I can't recall the last time I did not have a custom order quirk when I was at McD's, Carl's, Sonic, etc..  I do so to help assure as fresh a prep of my meal as I can influence.  Even so, every burger place I frequent in the greater metro, even if busy, will still consistently be MUCH faster than a Braum's, even a non-busy Braum's.  

I know it can't be true, but at times I'm almost ready to contemplate whether they inject a slo-mo juice into the staff.  

I like Braum's food, I even prefer it when I'm in no hurry.  But, ONLY when I have time that needs a good killing do I pull in.

----------


## jbrown84

> Yeah, but now they make you wait as they pretty much cook your order after you order and aren't like McDonalds with food ready to go. Almost every time I go to Braums, I have to prepare myself to pay and then wait 15 minutes. Usually they immediately have me pull over and park and they bring my food out, even if I order a basic hamburger and fries.


Would you rather your food not be fresh?  Braum's is nowhere near as busy as McDonald's.


@General:  It seems you have not fully embraced new media.  Blogs and message board are this generation's way of telling the owner what we think.  We don't always have time to track down their number or email and send them a personal message.  A good owner and or manager will take to heart any constructive criticism they see online.

----------


## jbrown84

> Not the freshly baked apple or cherry kind! I saw a new face and commented. Was told several people left due to "stress" from the owner. I didn't think they employed "several" people to begin with, but o'well.
> 
> I hope things are fine.
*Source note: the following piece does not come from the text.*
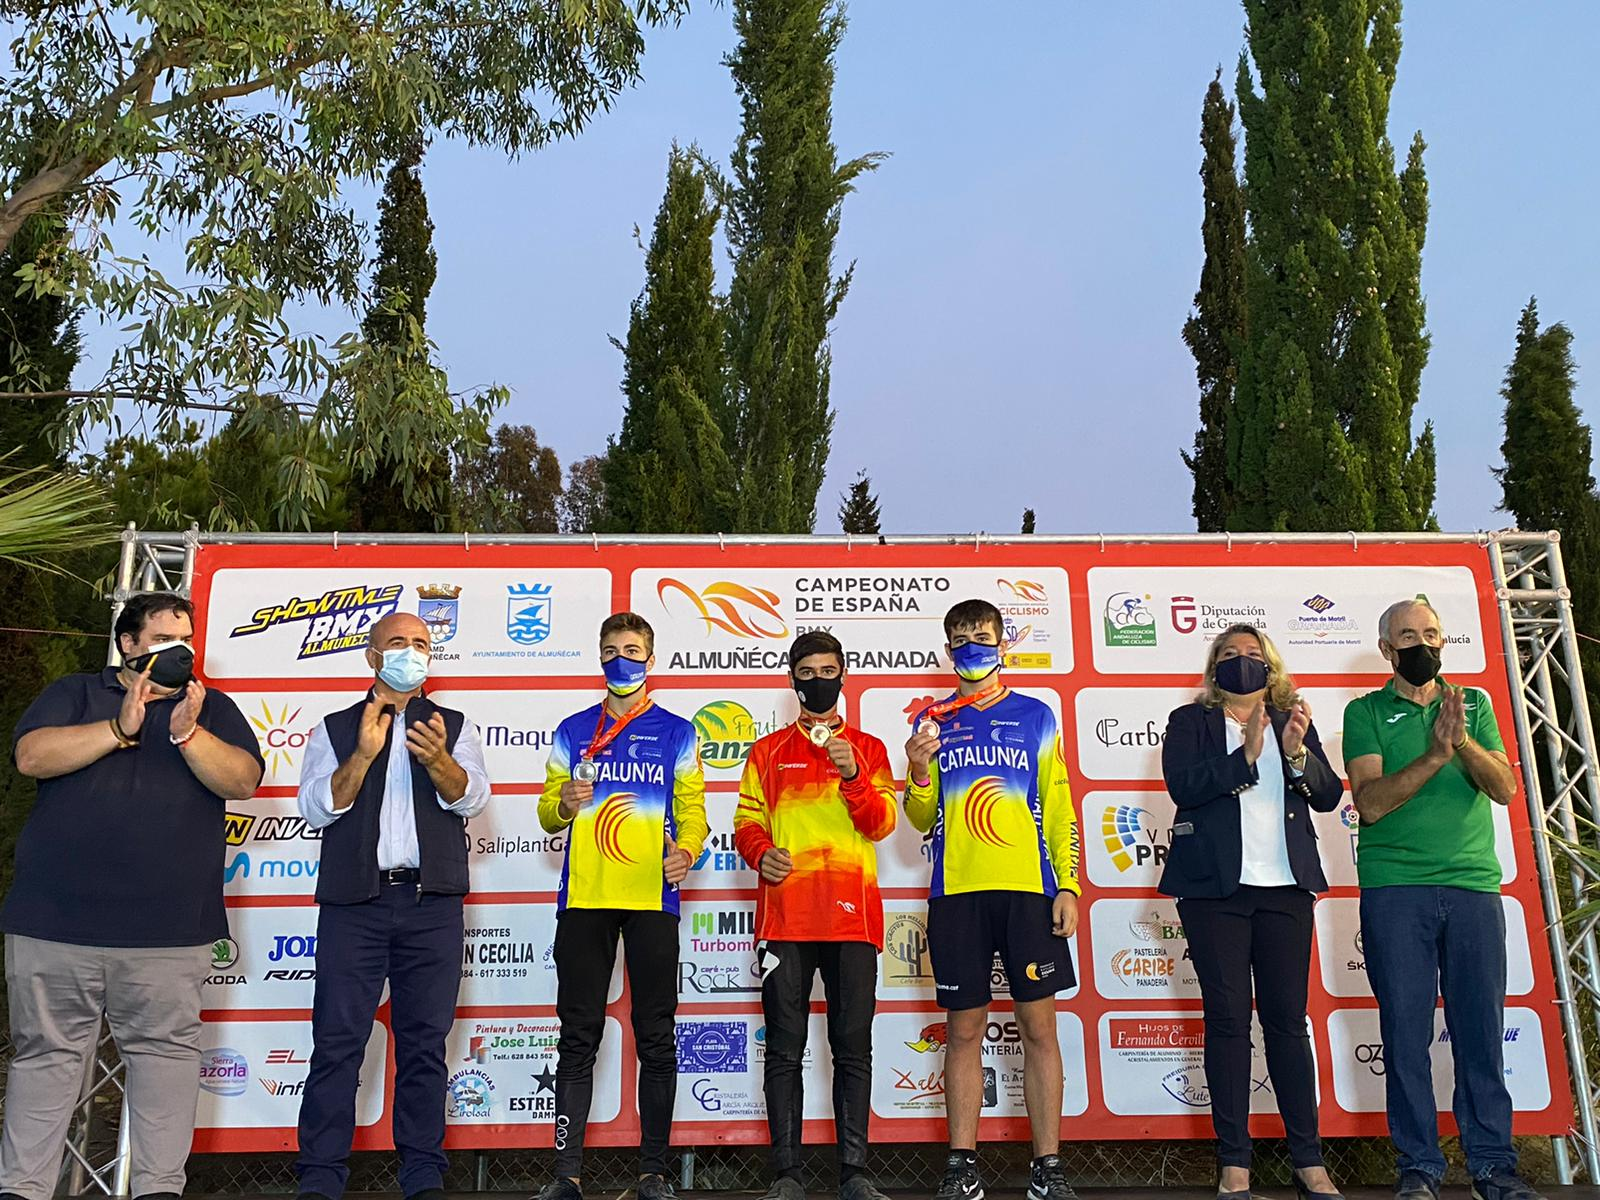 Campeonato de España de BMX Racing 2020 - Almuñécar
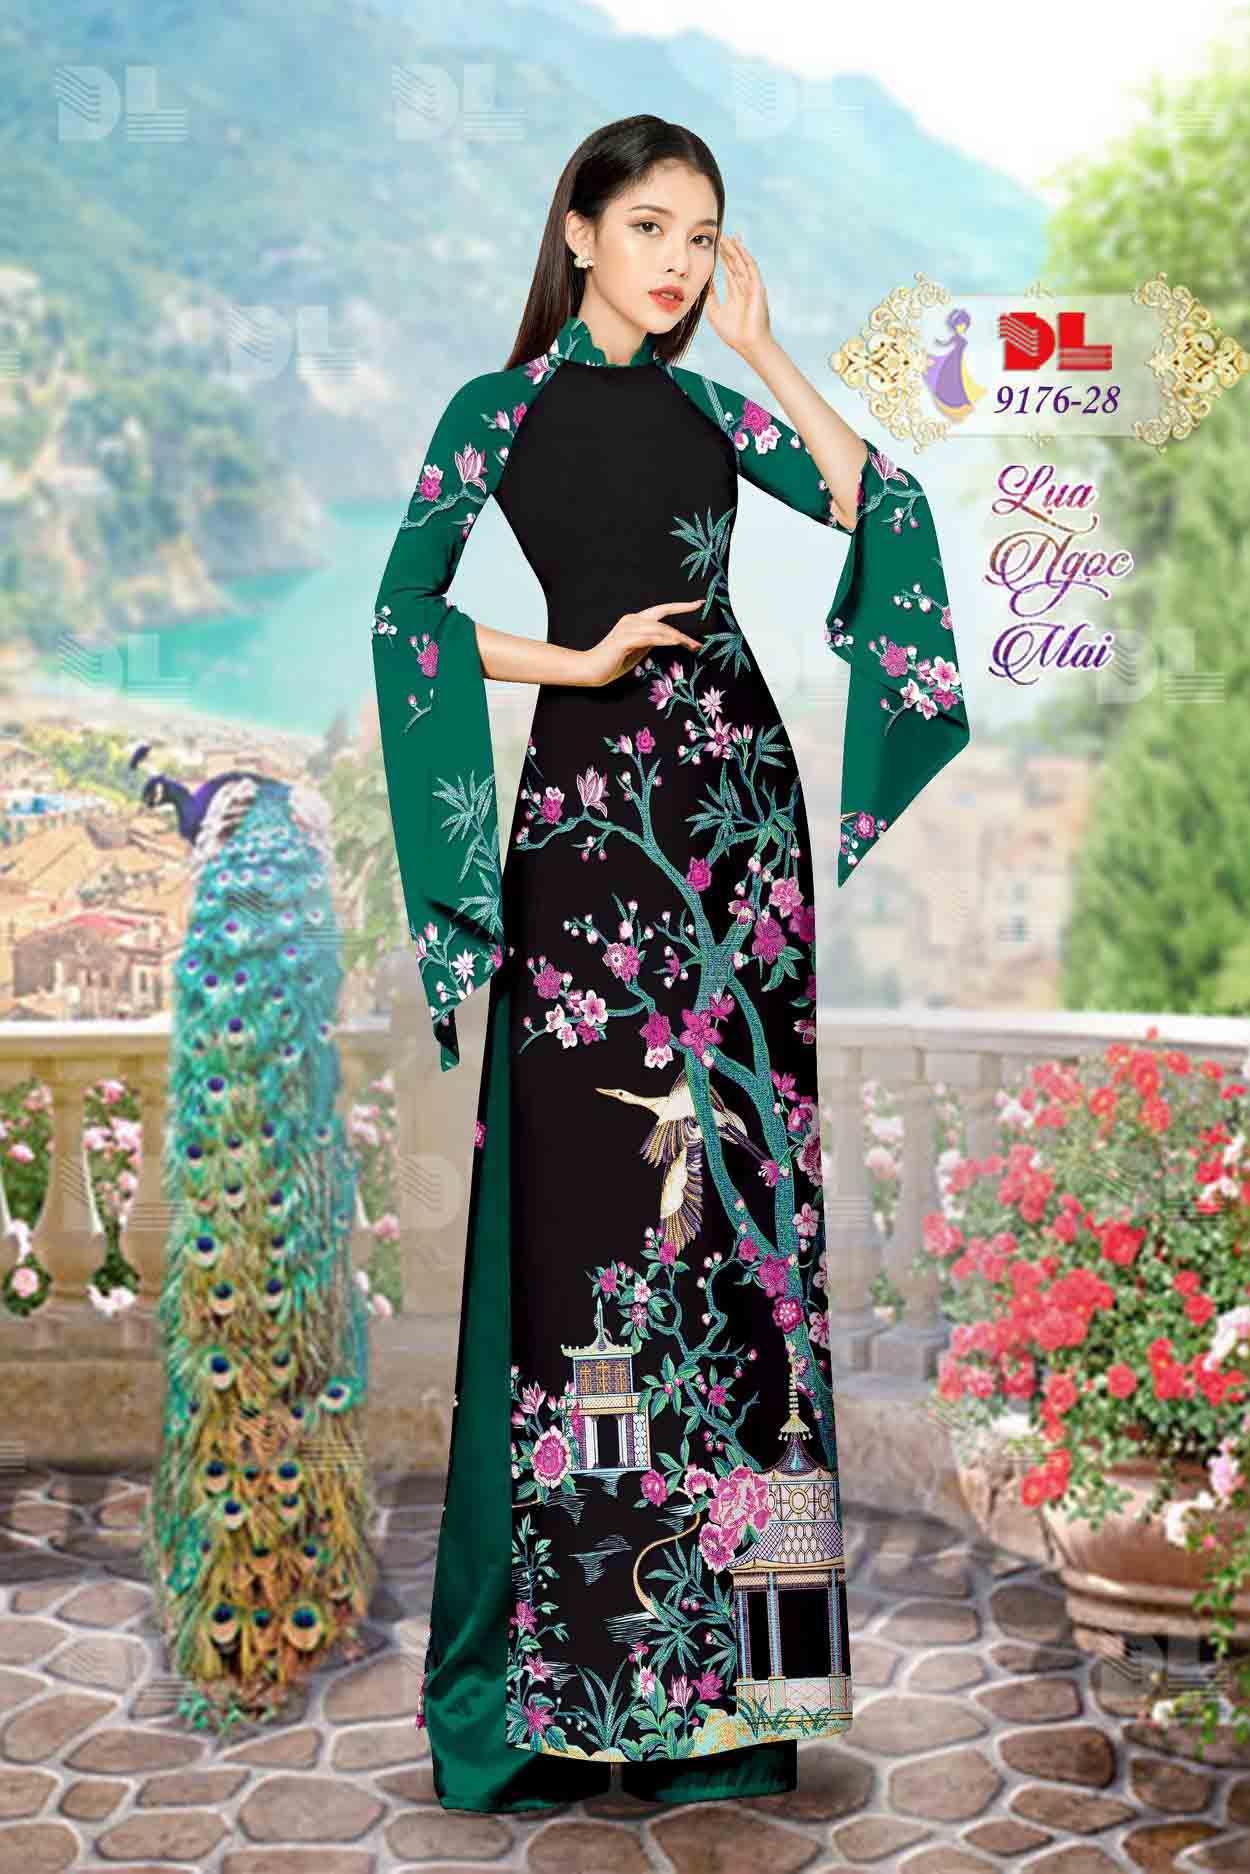 Vải Áo Dài Phong Cảnh AD 9176 69

I can't tell you how I am disappointed on a regular basis by Java Dave's (slow service, some unfriendly staff, always new staff, they serve fruit - like apples - with bare unwashed hands, often tables are dirty, and they are stingy with the heat after the morning rush).


Not to mention their micro-managed parking lot with signs designating "5 minute parking", "30 minute parking", "1 hour parking", etc.

----------


## metro

> Would you rather your food not be fresh?  Braum's is nowhere near as busy as McDonald's.
> 
> 
> @General:  It seems you have not fully embraced new media.  Blogs and message board are this generation's way of telling the owner what we think.  We don't always have time to track down their number or email and send them a personal message.  A good owner and or manager will take to heart any constructive criticism they see online.


No, I have embraced new media just fine, it's Braum's who hasn't embraced new media. I've griped about it online in blogs, this website and through personal contact aka snail mail and their 1800 number..

----------


## jbrown84

Wasn't talking to you.

See the "@General:"??

----------


## Generals64

you guys get after it....you let this thread (the one you used for some time) die and go back on the fifth page.  Now, you're re-working the whole thing....I understand the free complaint system and I'm probably too old to understand all that the internet has to offer.  But, I'm not too old to try and help a business in the OKC area stay alive.....you guys aren't etither...Remember what I saide, my skin's pretty thick and if you want to pick on me get after it.....But, try and work out the problems at Coffeslingers by going back and if it happens again blast them on this thread again and again...then let the management know to check the thread.....Thanks for being there....

----------


## Generals64

Today (ice and all) I'm going to go down to Coffee Slingers and I'll give an old man's opinion.  May be worthless but, I'm going talk to you guys later.

----------


## BailJumper

I know I'm holding my breath.

----------


## citizenkane

Coffee Slingers has had a solid crowd the last few times I've been there, and unlike some on this board, I've never had a bad experience.  I will continue to support this business as it undoubtedly offers the best coffee in town.  You simply cannot beat their short water americano.

----------


## Generals64

All right, I'm an old man and like my coffee straight and strong.....There were 17
people at 9:45 this morning and the coffee was made fresh.....I had a hard time though watching a guy (ordered some goofy named coffee) pay 9.65 for a coffee and a muffin.  They were very busy and very polite....even to an old guy...would I go back?  sure my coffee was $2.00 but it was fresh and strong...
But, 7-11 coffee does the same trick for me ut once again, I'm an old man....

----------


## murphyslaw

I have buddies that are "coffee snobs", as I like to call them just to give them a hard time.  But honestly, they're guys who know coffee much better than I do.  But if I were asked to bring out my own coffee snobbery and choose the top two coffee shops in downtown OKC ...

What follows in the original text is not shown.